すごくありがたいけど、前回の出来高を思うと得心がいかない部分もあったりする。
「マリー様。改めて伺いますが、次は何をいたしましょうか」
「タルトゥッフェルの件でしたら、引き続きシャルロッテ女史にお任せしますわ」
「あんなのは商売の形が出来上がってますから、もう部下たちに放り投げてしまえばよいのです」
彼女は両手で包んだ空気をバスケのように後ろに投げてみせる。
うむむ。いきなり次と言われてもなあ。あれくらいしか浮かんでこない。
「鉄道を始めてみますか」
「鉄道! あれは非常に未来を感じさせる計画です。馬の頭数あたりの輸送力が桁違いに上がりますれば。ぜひ早期に取り組みたいところではございますが、いかんせん今のままでは利益が出そうにありませんね」
「なぜです?」
「恐れながら、ヒューゲル国内は徒歩でも生活を回せますし」
「ああ、なるほど」
そういえば、前回のシャルロッテは外国で馬車鉄道を始めようとしていた。クレロ半島の都市国家間を結ぶとか話していたっけ。あとは鉱山線路の話もしていたな。

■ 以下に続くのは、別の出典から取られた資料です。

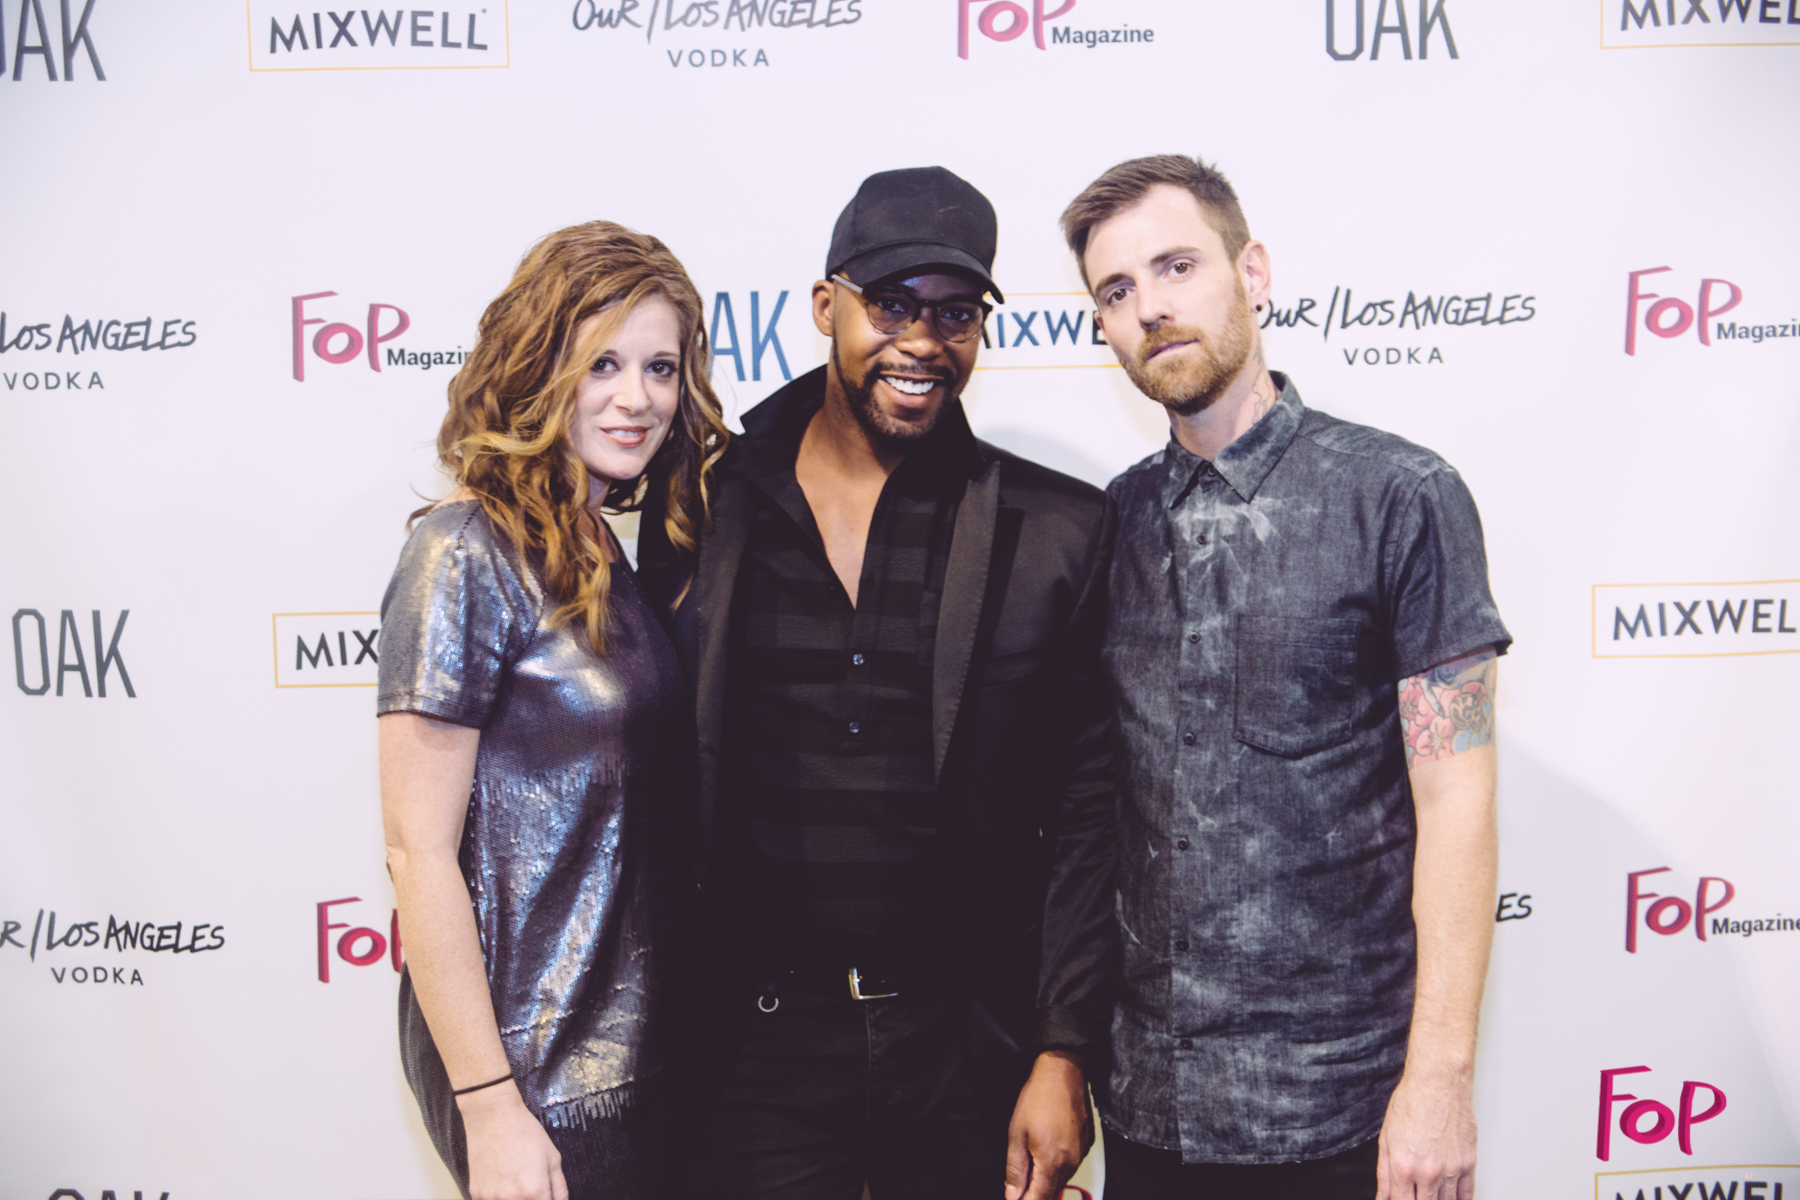 Brooke Barnett, Quentin Fears & Zack Hemenway

あの地域は人・モノの活発な往来が古代帝国の頃から続いているから、効率の良い交通機関を設けることで利益を得られると踏んでいたのだろう。
一方のヒューゲルにはラミーヘルム城の城内町以外に都市は存在せず、あとは麦畑と平原が広がるばかり。国内の人の行き来は少ない。そもそも狭い。

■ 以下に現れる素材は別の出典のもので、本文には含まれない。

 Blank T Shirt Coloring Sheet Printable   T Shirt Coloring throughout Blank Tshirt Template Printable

活路があるとしたら、せいぜい市内の路面鉄道かな。小さな町だから、ほとんど誰も乗らないだろうけど。
「他国や自由都市まで線路を伸ばせたら、ハーフナー印のタルトゥッフェルを効率良く持っていけますが……」
「他の領主から許可を取りつけるのは、骨が折れますね」
「土地・鉄路管理の分担や利益の分配で揉めるのは目に見えてます。領主という生き物はあらゆるものに税をかけてきますからね」
「良い見本が近くにおりますわ」
「ですから、ここは一旦温めておきまして、もっとお金を稼ぐためにアイデアをいただきたく!」
シャルロッテの求めに、
この時代でも実現できそうな未来のアイデア。
まるで浮かんでこない。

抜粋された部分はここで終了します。